The stochastic modeler’s theory of climate as a bounded random walk is physically reasonable.
On the other hand, a deterministic modeler (e.g. palaeoclimatologist, Richard Ally, in his YouTube video) looking at the same Ice Age temperature time series, sees that there have been large, rapid fluctuations which he cannot explain because he sees things deterministically. His response? Climate is obviously highly unstable, we don’t understand why and we should proceed with great caution.
In the climate community, there is a growing awareness of the need for stochastic models (see, for example, Judith Curry’s blog, Climate Etc). For this reason deterministic climate models are often run many, many times with slightly differing starting conditions. The resulting set of model outputs is referred to as a model “ensemble” after a similar concept in statistical theory. However generating an ensemble of predictions from a variety of starting points does not in itself make a deterministic model into a stochastic model and statistical deductions based on such ensembles are highly dubious. Neither has there been any attempt to rigorously test such models in the frequency domain.
For a model to be truly stochastic, the various parameterisations within the model need to be randomised as well as the initial conditions. These include all those forcings and processes which have a stochastic character, e.g. turbulent convection, cloud formation, wind stress and so on. The problem is that if you do this the various model runs rapidly diverge from one another and model predictions become obviously worthless. Furthermore some forcings such as sea floor heating by volcanic activity are assumed to be evenly distributed over the entire ocean floor and to be steady state. Volcanoes on land are sparse and intermittent and it seems that volcanoes are also sparse and intermittent under the ocean (e.g. White et al, 2003).
They therefore constitute a major stochastic forcing which exceeds both tidal friction and wind stress in magnitude but one which is completely ignored by climate modelers.

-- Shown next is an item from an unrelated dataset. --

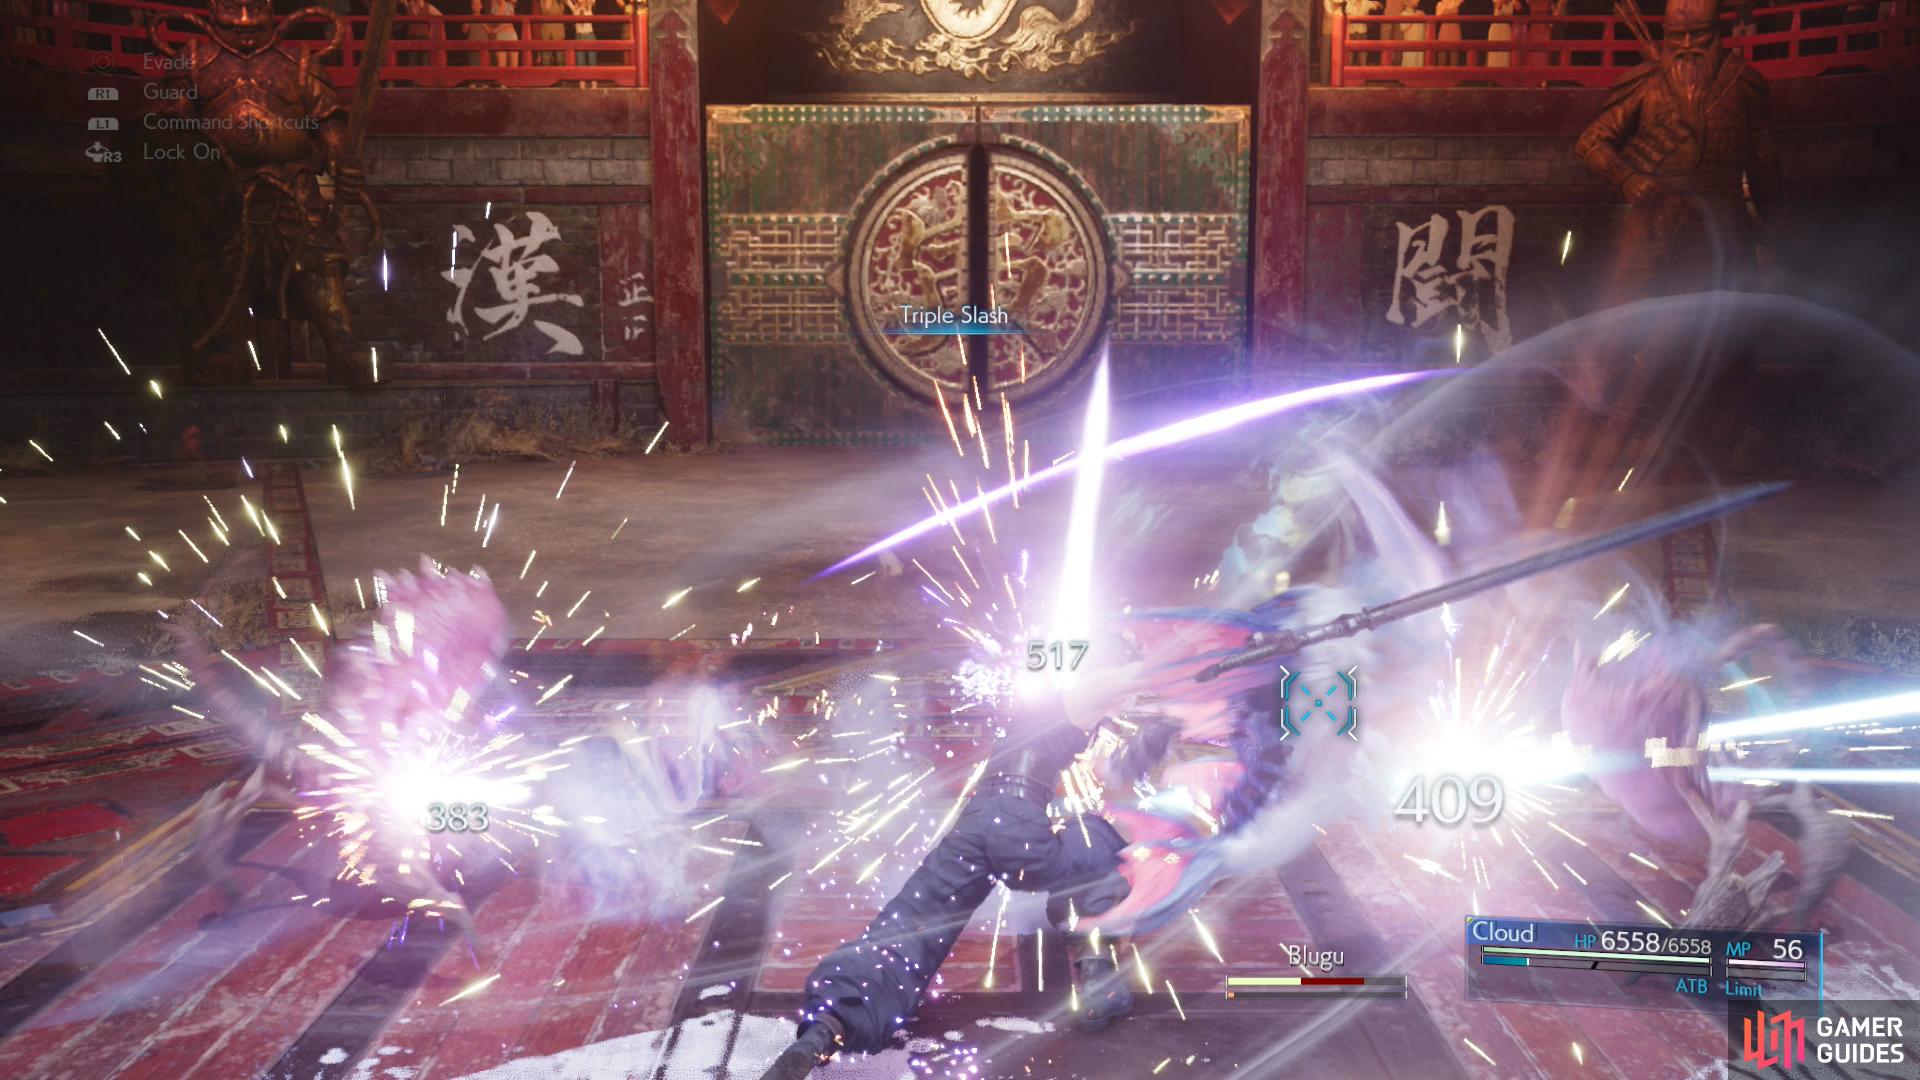 The enemy you'll face in the optional arena battles are incredibly weak - one Triple Slash will often suffice.

And the present pause? To a stochastic modeler it comes as no surprise. It could have been predicted 20 years ago on a desktop computer using a simple autoregressive (AR) model. However, such prosaic findings are rarely funded or published.

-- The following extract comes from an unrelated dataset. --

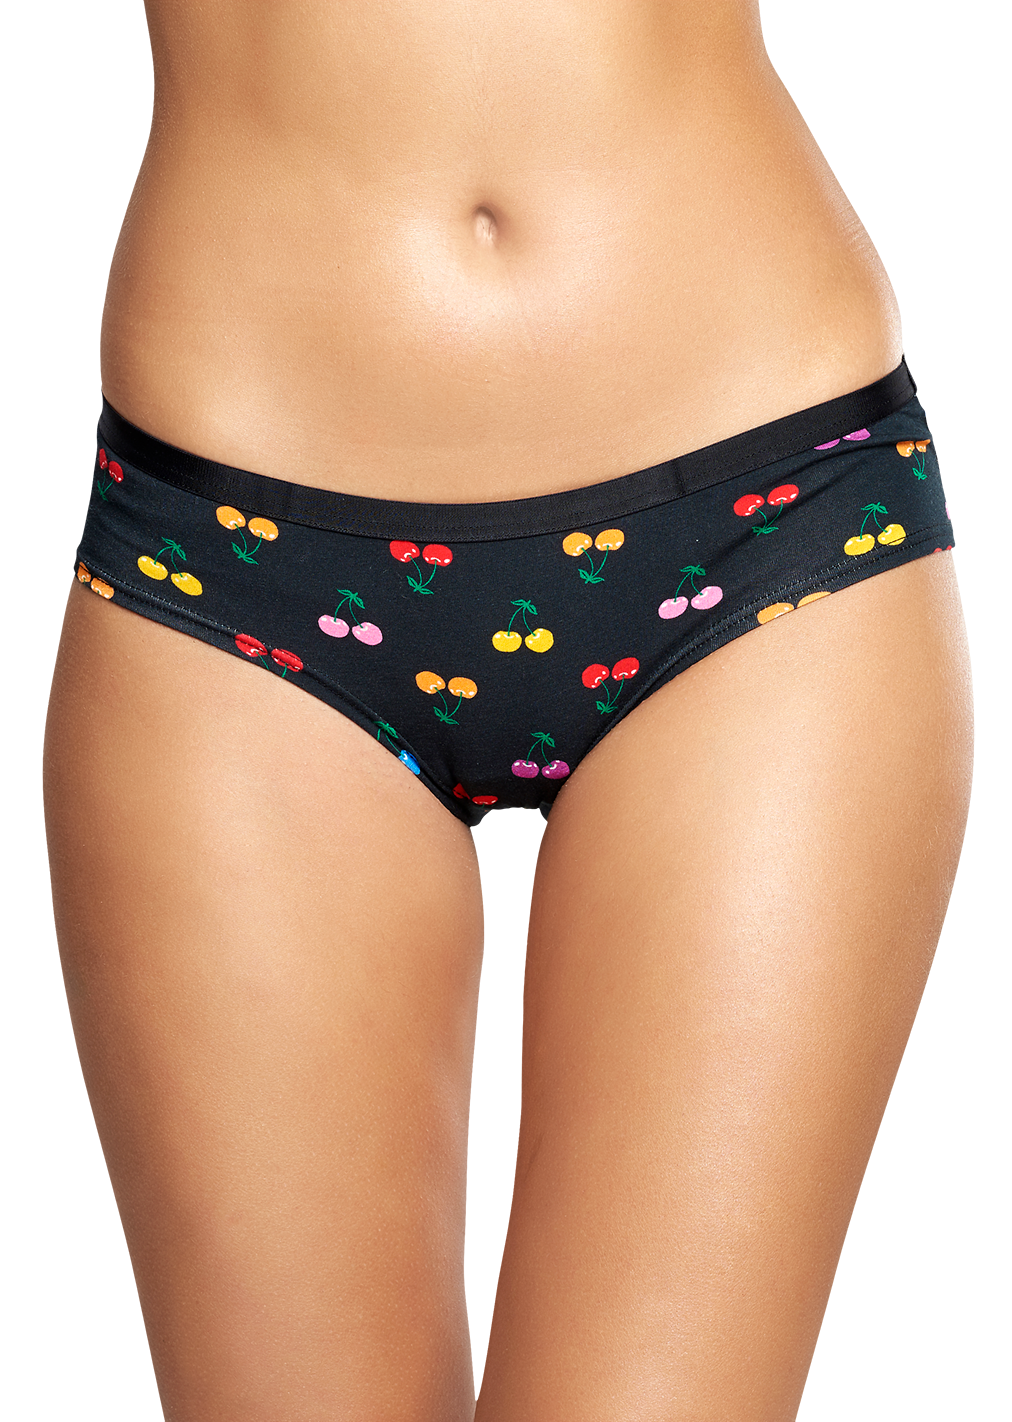 3 PACK UNDERWEAR FOR YOUR GIRLS, CHERRIES FLOWERS AND MORE

Pelletier, J.D. (2002) “Natural variability of atmospheric temperatures and geomagnetic intensity over a wide range of time scales”. PNAS, 99, supp. 1, pp 2546-2553.
White, J. D. L., J. L. Smellie and D. A. Clague (2003), Introduction: A Deductive Outline and Topical Overview of Subaqueous Explosive Volcanism. Explosive Subaqueous Volcanism, Geophysical Monograph 140, American Geophysical Union, 10.1029/140GM01
A version of this article appeared in Quadrant Online on 20 October 2014.